6. En troisième lieu, en prévoyant que les assurés, adhérents, participants ou souscripteurs qui bénéficiaient jusqu'alors d'une faculté de s'opposer à la tacite reconduction de leur contrat à son échéance, peuvent désormais résilier leur contrat à tout moment de son exécution, après expiration d'un délai d'un an à compter de la première souscription, les dispositions en litige ne restreignent aucunement, contrairement à ce qui est soutenu, la force obligatoire du contrat. Dans ces conditions, le grief tiré de ce qu'elles méconnaîtraient, pour ce motif, la liberté contractuelle garantie par l'article 4 de la Déclaration des droits de l'homme et du citoyen, ne présente pas de caractère sérieux.

7. En quatrième lieu, en se bornant à invoquer le principe de solidarité sur lequel le seul législateur a entendu, à l'article L. 110-1 du code de la mutualité, fonder l'exercice de leur activité par les mutuelles, la fédération requérante ne se prévaut d'aucun droit ou liberté que la Constitution garantirait.

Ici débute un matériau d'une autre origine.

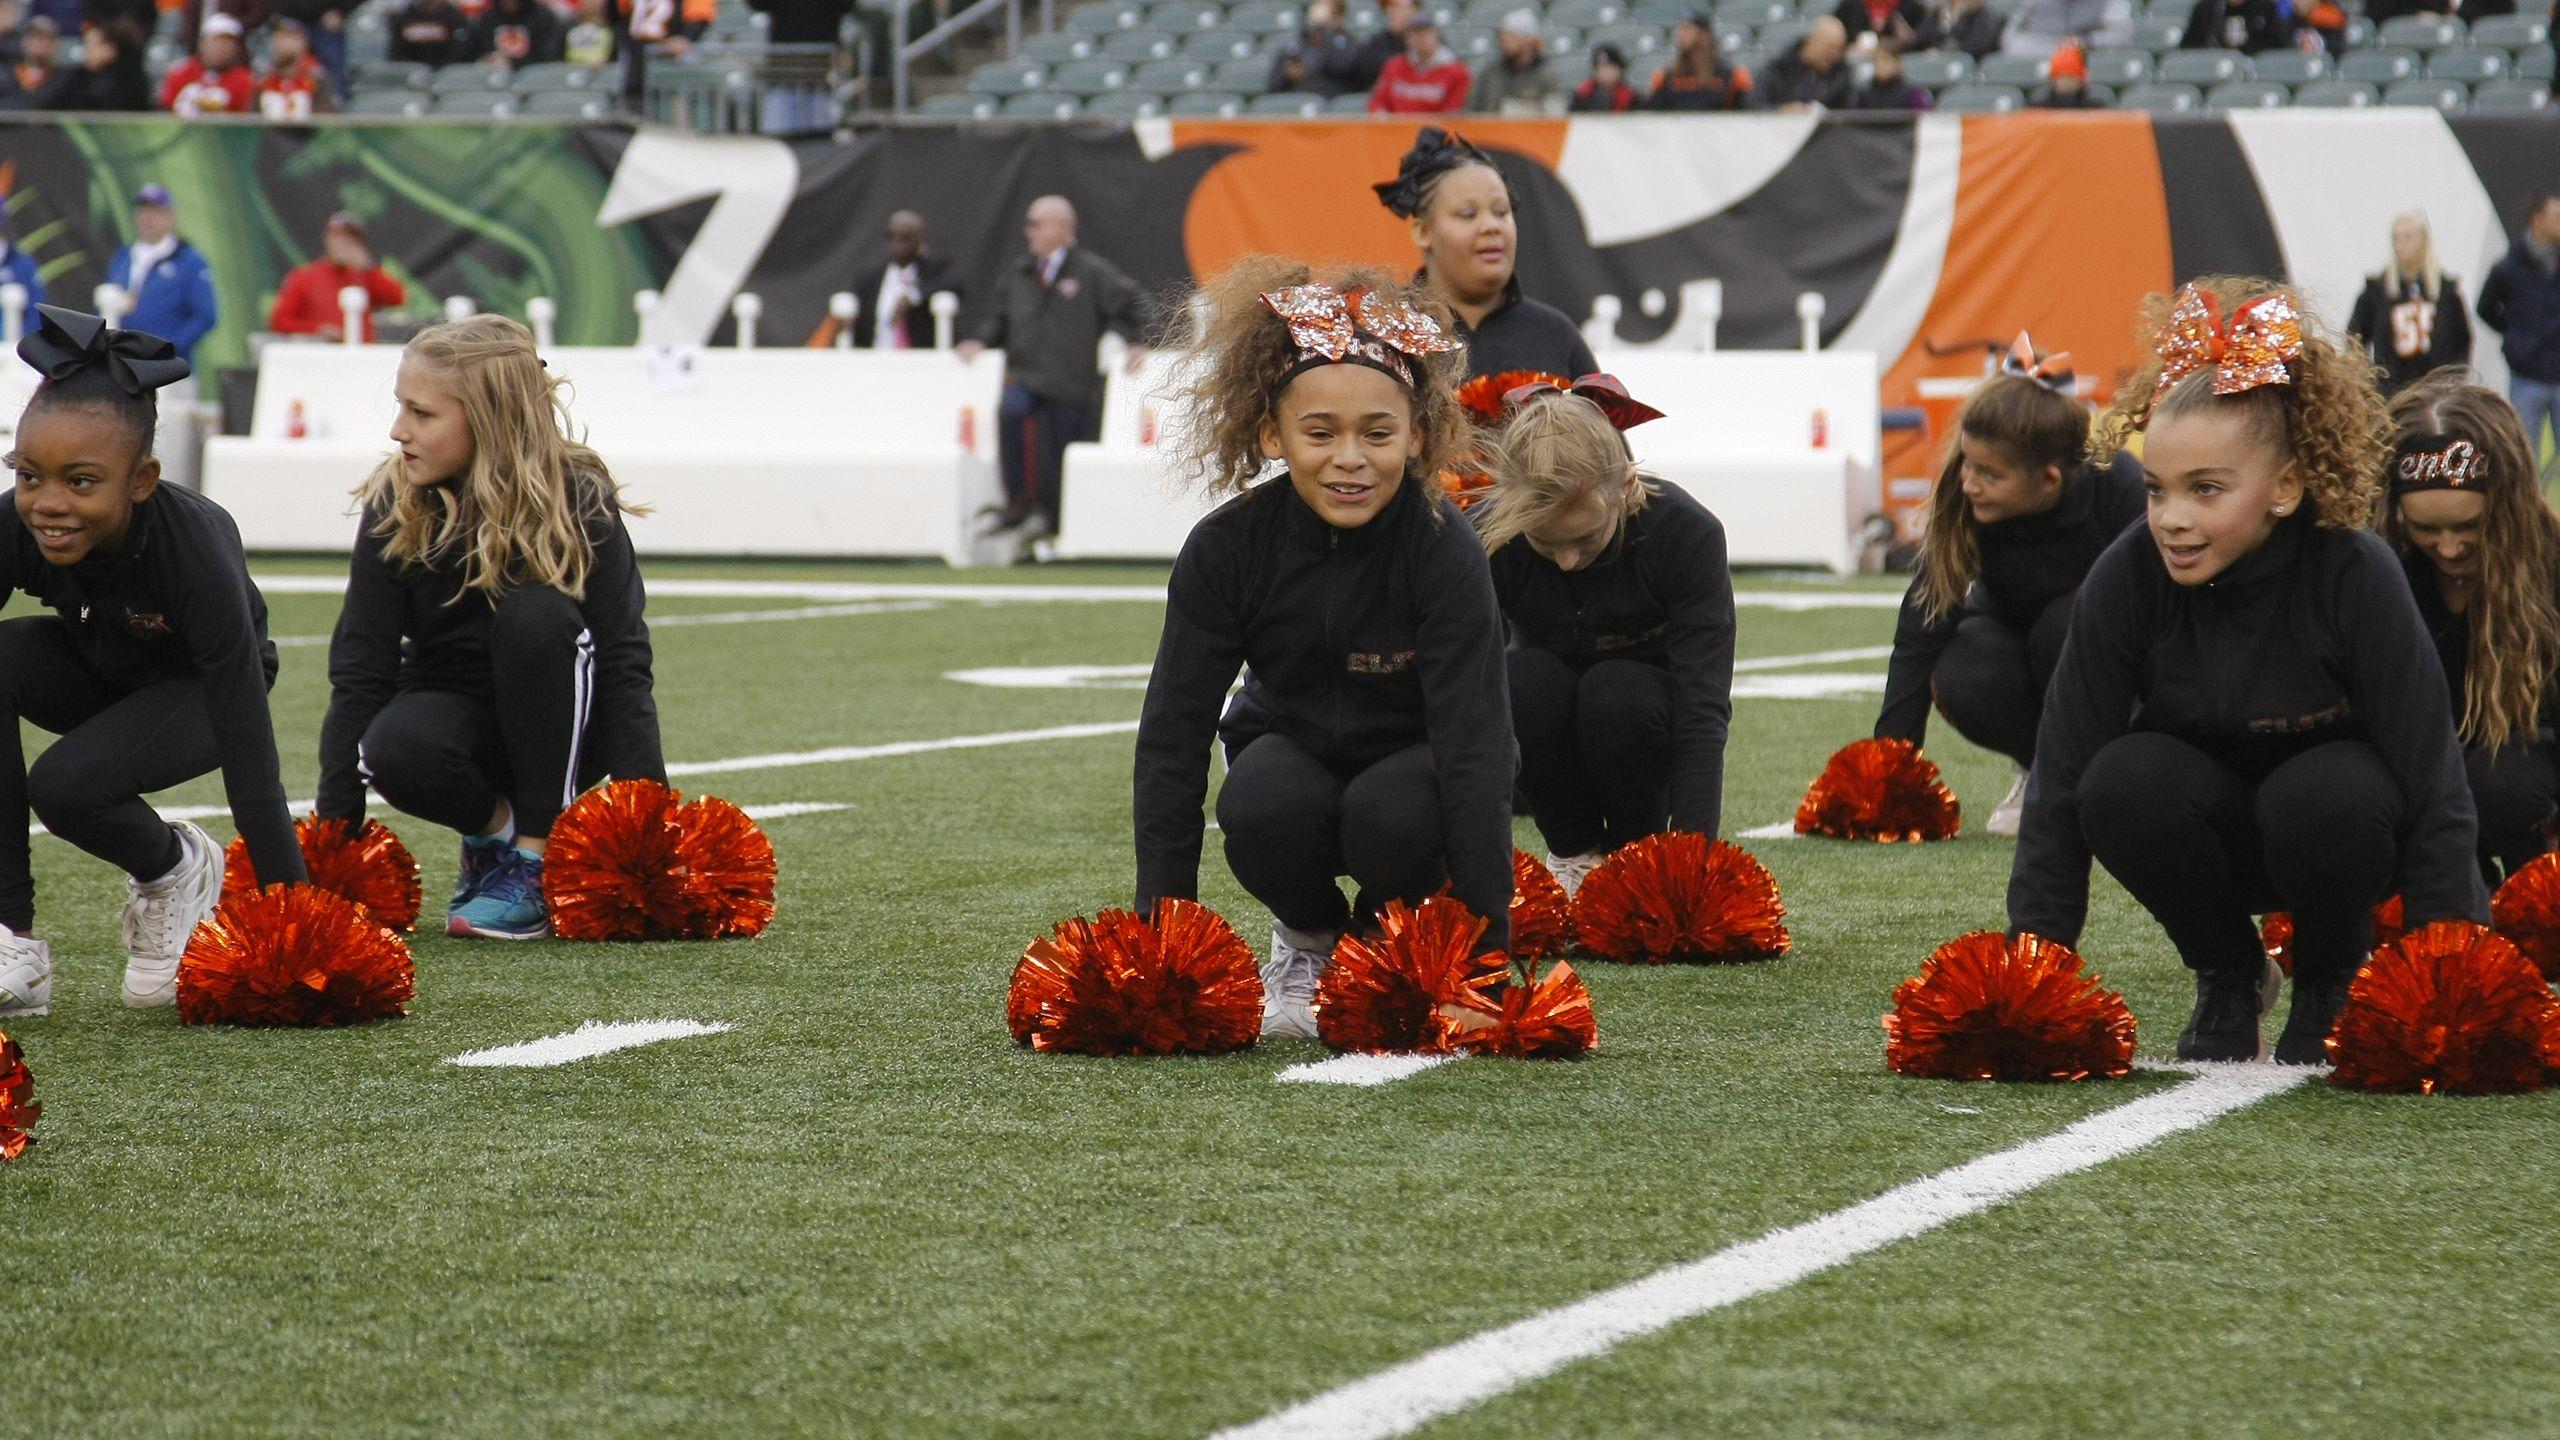 Junior Ben-Gal Cheerleaders

8. En cinquième lieu, la méconnaissance de l'objectif de valeur constitutionnelle d'intelligibilité et d'accessibilité de la loi ne peut, en elle-même, être invoquée à l'appui d'une question prioritaire de constitutionnalité.

9. Il résulte de tout ce qui précède que la question soulevée, qui n'est pas nouvelle, ne présente pas un caractère sérieux. Dès lors, sans qu'il besoin de renvoyer au Conseil constitutionnel la question prioritaire de constitutionnalité invoquée, le moyen tiré de ce que les articles L. 113-15-2 du code des assurances, L. 932-12-1 et L. 932-21-2 du code de la sécurité sociale et L. 221-10-2 du code de la mutualité, dans leur rédaction issue de la loi du 14 juillet 2019, portent atteinte aux droits et libertés garantis par la Constitution doit être écarté.

Sur les autres moyens :

10. En premier lieu, comme il a été dit au point 1, le législateur a, aux articles L. 113-15-2 du code des assurances, L. 932-12-1 et L. 932-21-2 du code de la sécurité sociale et L. 221-10-2 du code de la mutualité, dans leur rédaction issue de la loi du 14 juillet 2019, posé le principe selon lequel, pour certains contrats et règlements d'assurance couvrant les personnes physiques en dehors de leurs activités professionnelles ou contrats et règlements de mutuelles ou d'unions, la faculté pour l'assuré, adhérent, participant ou souscripteur de résilier la convention ou dénoncer son adhésion ou son affiliation devait désormais lui être ouverte à tout moment après l'expiration d'un délai d'un an à compter de la première souscription, tout en renvoyant au pouvoir réglementaire la définition des branches et catégories de contrats conclus avec les sociétés d'assurance, les institutions de prévoyance et les mutuelles auxquelles s'applique le droit de résiliation ainsi désormais facilité. Le législateur a, en outre, aux mêmes articles, assorti ce droit de résiliation de garanties particulières, destinées à éviter toute interruption de la couverture de l'assuré, dans le cas où le contrat résilié est conclu pour le remboursement et l'indemnisation des frais occasionnés par une maladie, une maternité ou un accident.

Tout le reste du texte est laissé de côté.